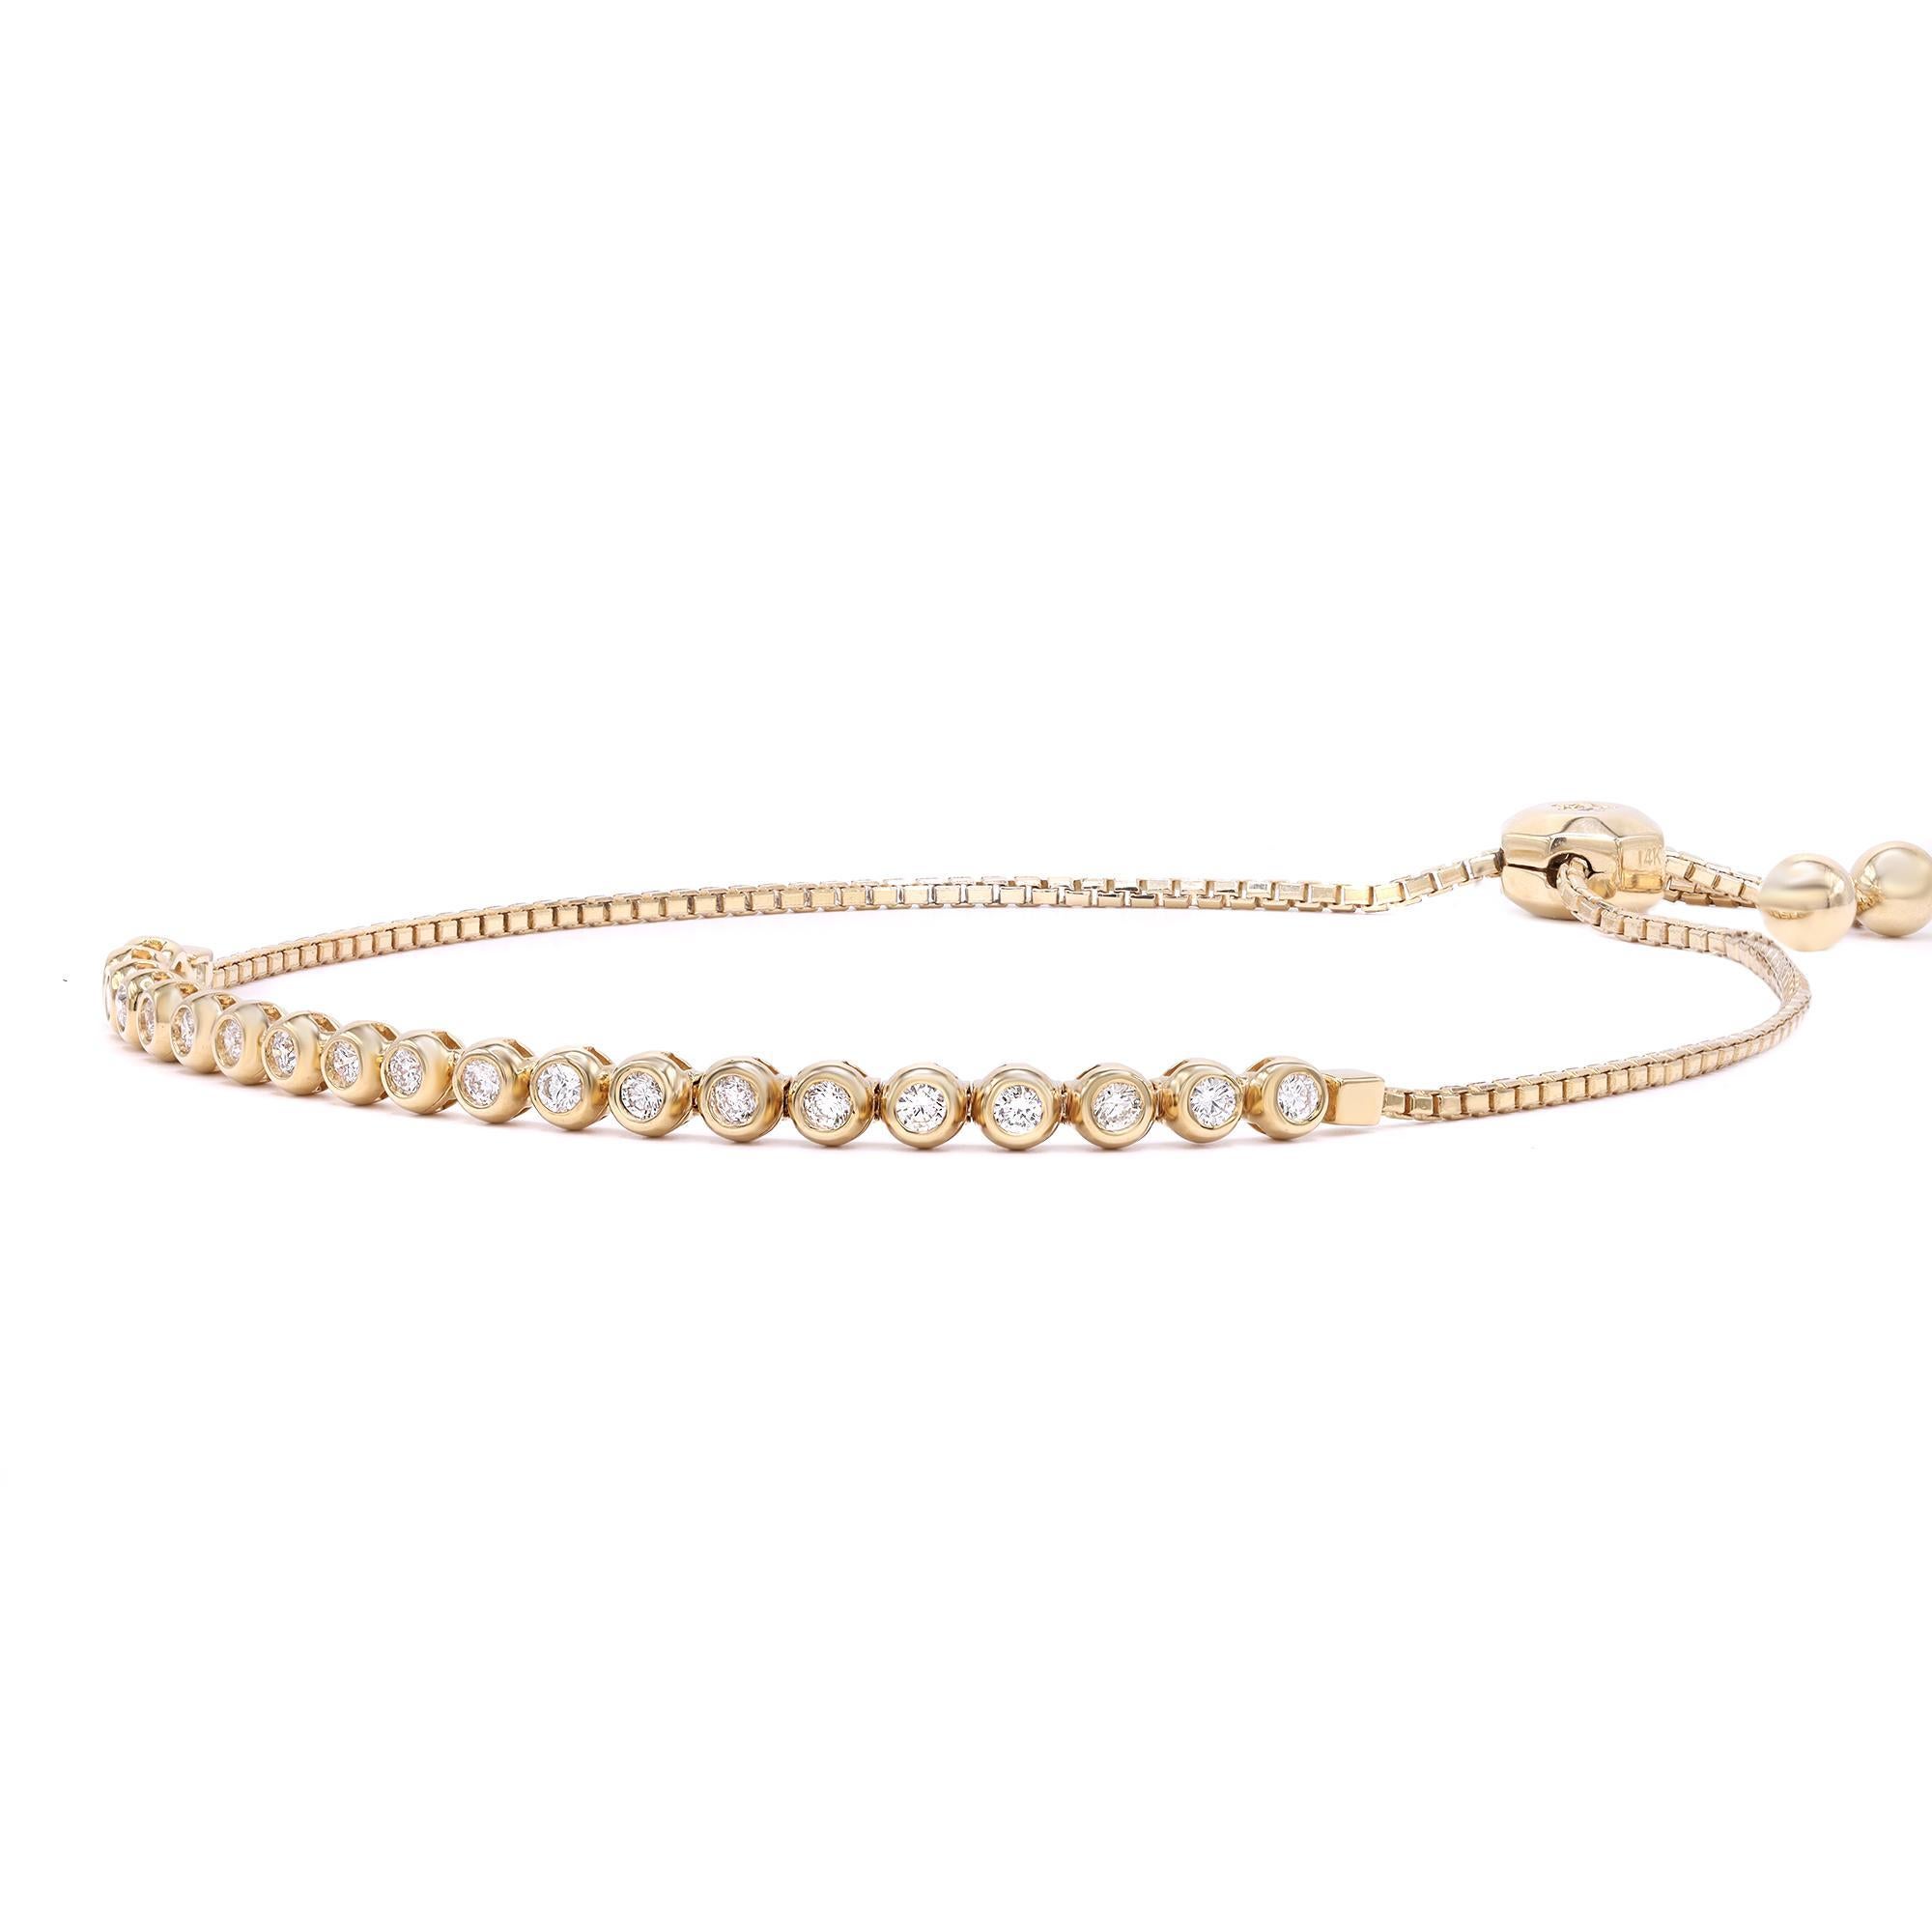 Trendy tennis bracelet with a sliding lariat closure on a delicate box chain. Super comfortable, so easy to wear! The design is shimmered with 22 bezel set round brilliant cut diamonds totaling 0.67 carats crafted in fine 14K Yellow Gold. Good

--

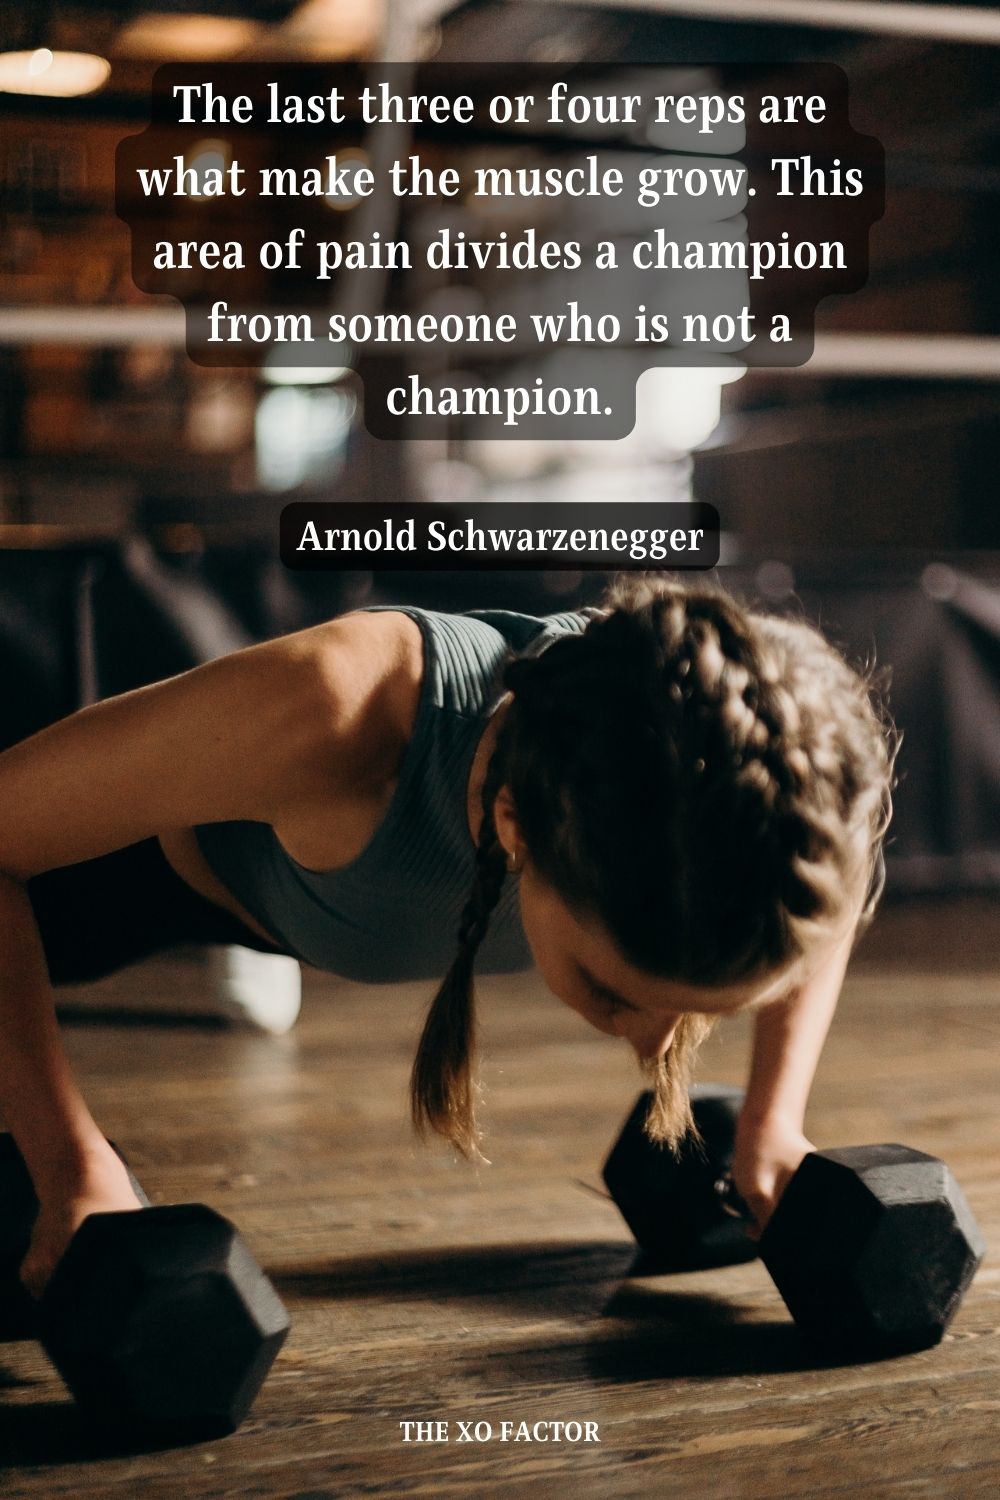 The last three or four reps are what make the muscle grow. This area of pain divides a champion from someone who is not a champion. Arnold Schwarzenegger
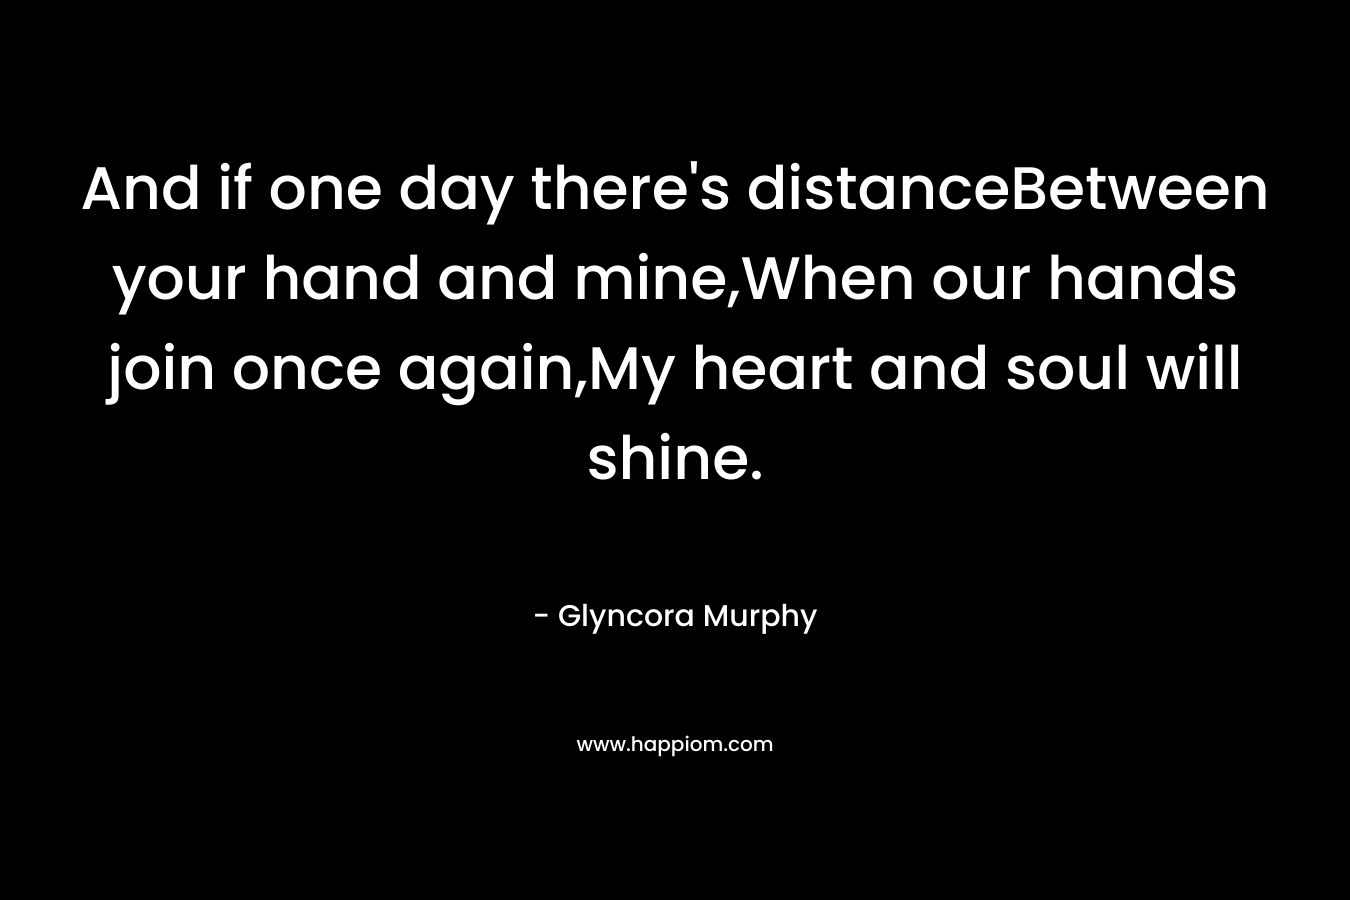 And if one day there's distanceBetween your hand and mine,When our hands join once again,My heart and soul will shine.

◆ Exercise prompt ◆
Nothing except the lines from the one containing "The last three" through the one containing "And if one day" should appear in the answer, exactly as above and without pictures.

◆ Result of the exercise ◆
 The last three or four reps are what make the muscle grow. This area of pain divides a champion from someone who is not a champion. Arnold Schwarzenegger
 And if one day there's distanceBetween your hand and mine,When our hands join once again,My heart and soul will shine.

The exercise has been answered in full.